No, I did not do dishes today. I know, I'm a bad housekeeper with a pile of plates to prove it. If you care so much, you do them!
Instead, I worked harvesting the compost we've developed for two years to enrich the soil in a 5 x 10 patch of impossible red clay for a small garden. 7 plants - that's it. Go ahead - laugh. My garden is late, small and oddly shaped.
The truth is, I'm beginning to learn that there's a time to just say "forget the Joneses, this is about me!" The Joneses have upside-down tomatoes and raised beds with heirloom this and organic that. Of course, based on the weary looks of some parents I've seen, I wonder what they'd think if I hid a mirror in the marigolds for them to see.

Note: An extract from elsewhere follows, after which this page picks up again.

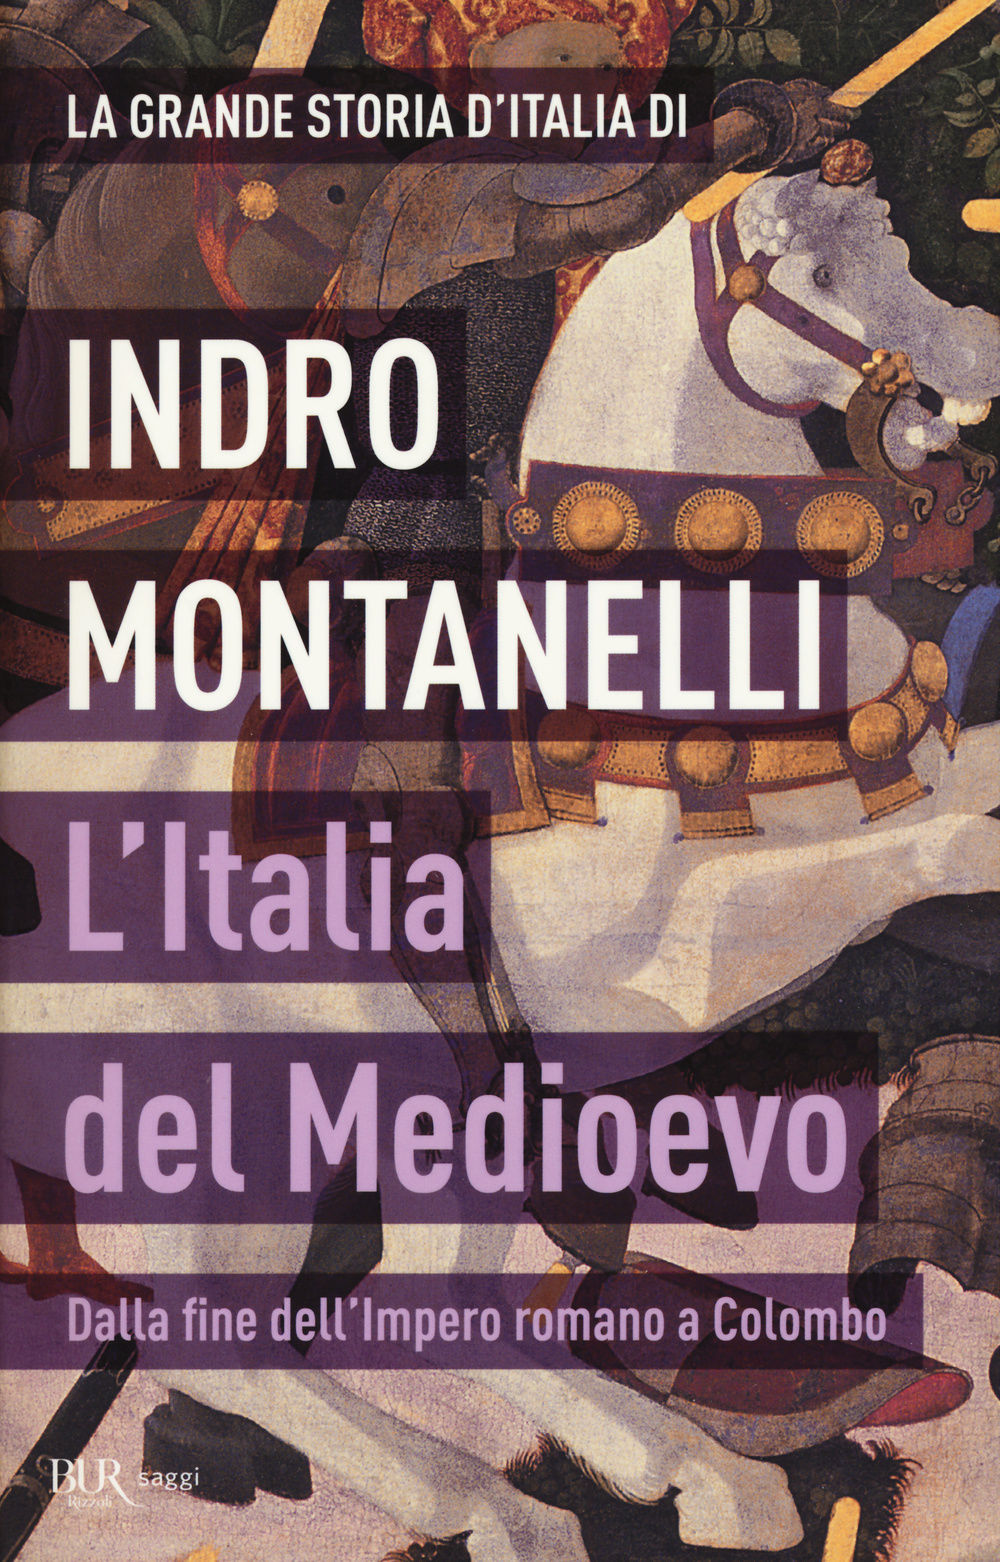 L' Italia del Medioevo

I see 7 plants surrounded by deep rich dirt and a kid who puffs up proudly when he talks about what we did today -- together. He never feels that way about clean sinks, but I hold out hope for one day. (Yes, I'm insanely optimistic sometimes).
Why am I planting a garden? What is my purpose? (oh, yes - existential is *so* in this year) If it is to impress others or get accolades then perhaps I need a swift kick in my dirty pockets. It isn't to show my kid how to do everything perfectly, but to do and to ENJOY the time. I'm awful at being there, "in the moment".... but boy can I make a lifelong career out of worrying over those plates. I was raised Southern, second only in guilt to stereotypical Jewish grandmothers.
I want to change that guilt thing. I really do. Thus the defensive obstinate way I handle dishes. I want more pictures taken where I'm laughing and disheveled from silly tickles or great conversation. Besides, everyone looks less fat when smiling, right? I want to live without regrets, earn my laugh lines and divide the pieces of value from the worrywart ancestors I hear echoing every time I throw out a crumb. (Have they seen my waist? Seriously- can't have it both ways.)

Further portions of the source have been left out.